By Tatiana Bautzer and Rodrigo Viga Gaier
SAOPAULO/RIO DE JANEIRO (Reuters) – Brazil’s planned privatisation of eight Petroleo Brasileiro SA <PETR4.SA> refineries has lured several of the world’s largest trading and oil companies as prospective bidders, two sources with knowledge of the matter said.
Around 20 companies have signed non-disclosure agreements granting them access to the refineries’ data and signalling that they are considering a bid, the sources added, speaking on condition of anonymity to disclose private details of the sale.

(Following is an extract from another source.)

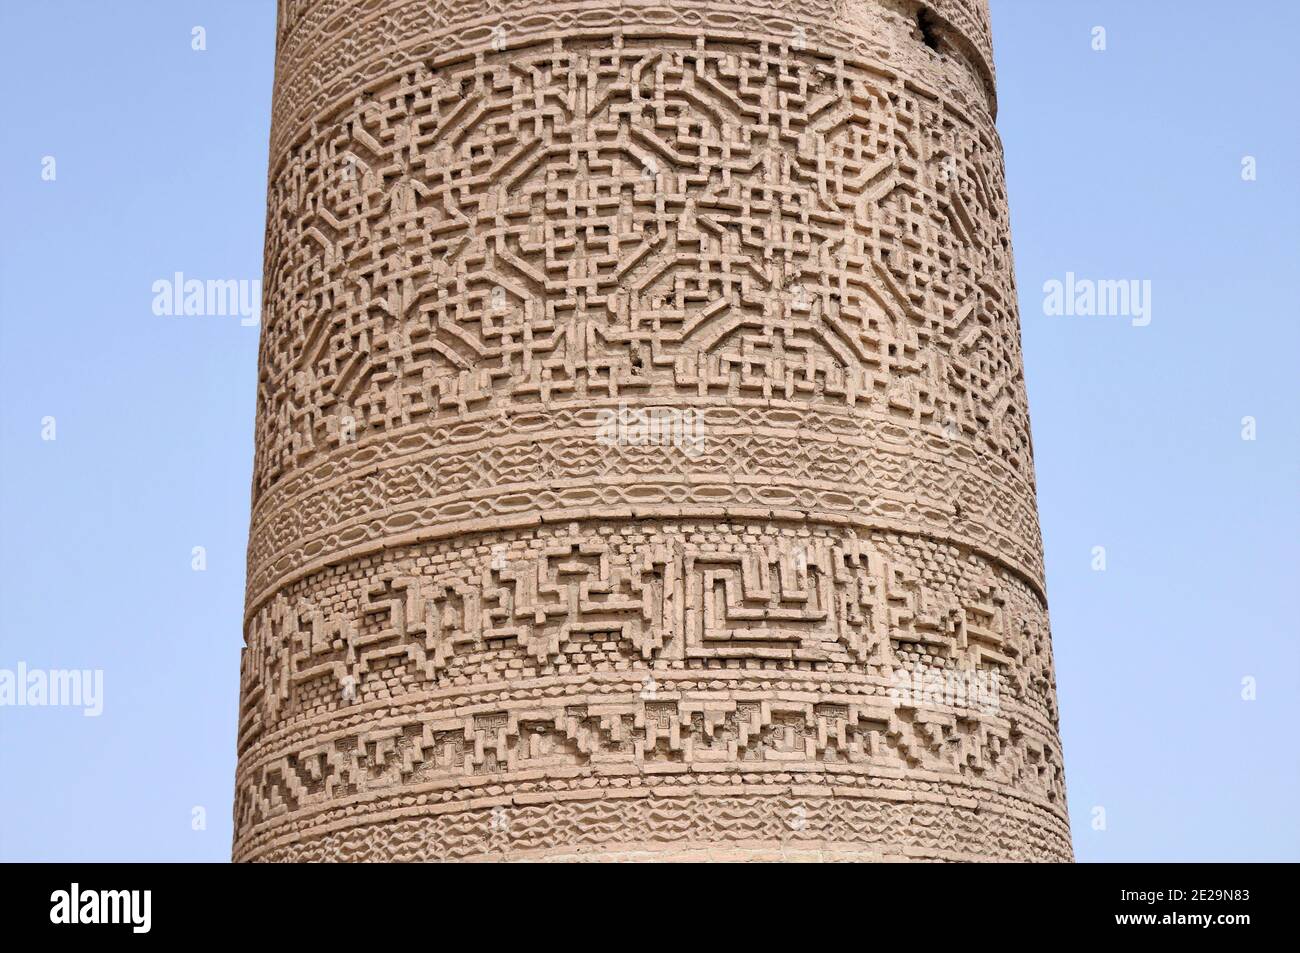 Saveh Friday Moschee wurde im 12. Jahrhundert während der Großen Seldschuken-Periode gebaut. Die Kunst der Seldschuken in der Moschee ist bemerkenswert. Markazi, Iran. Stockfoto
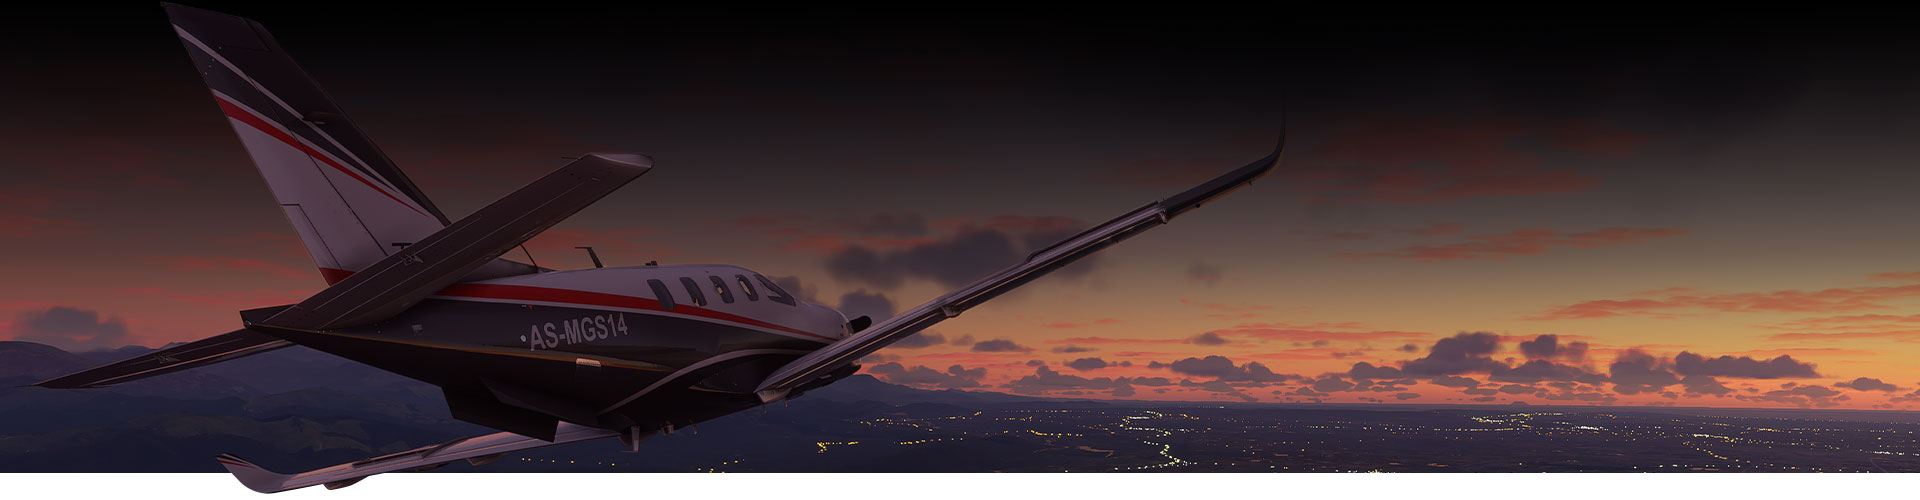 Plan från Microsoft Flight Simulator som flyger över en stad i solnedgången

The first round of non-binding offers for four of the eight refineries Petrobras put on the block is due on Oct. 11, the sources said. The eight refineries have total capacity of 1.1 million barrels per day.
Among the potential bidders are trading firms Vitol SA, Glencore PLC <GLEN.L> and Trafigura AG. Local companies Ultrapar Participações SA <UGPA3.SA> and Raizen, a joint venture of Brazil’s Cosan SA <CSAN3.SA> and Royal Dutch Shell <RDSa.L>, also signed non-disclosure agreements.
Other companies interested, according to the sources, include PetroChina Co <601857.SS> and Sinopec <600688.SS>, which already has a Brazilian joint venture with Spain’s Repsol <REP.MC>. Oil behemoth Saudi Aramco, which is planning one of the world’s largest initial public offerings, is also looking at the refining units’ numbers.
The request to access the data room is just the first step of companies interested in the deal, and does not mean they will deliver bids on Oct. 11.
Petrobras, PetroChina, Ultrapar, Sinopec and Vitol did not immediately comment on the matter. Raizen, Trafigura, Saudi Aramco and Glencore declined to comment.
The deal, to be one of Petrobras’ largest divestitures ever, would transform Brazil’s oil industry and may raise around $18 billion, bankers working on the deal say. Refining has traditionally been state-owned in Brazil, triggering occasional calls for government price controls.
At least partial privatisation is widely seen as one of the best possible ways to bring real competition to the Brazilian oil industry.
Antitrust watchdog CADE has already forced Petrobras to change its refinery sale process to boost competition, demanding the separate sale of each of the eight refineries. A single buyer will be barred from buying two of the largest refineries in the same area, whether it be the northeast, the south or the southeast.
Petrobras is also carving out logistics assets, such as oil pipelines and terminals, to sell along with the refineries, one of the sources said.
Most of the bidding groups are expected to include private pipeline operators, possibly including France’s Engie <ENGIE.PA> and Canada’s Brookfield <BAMa.TO>, one of the sources said, explaining that oil companies are reaching out to them. Both companies recently acquired Petrobras assets.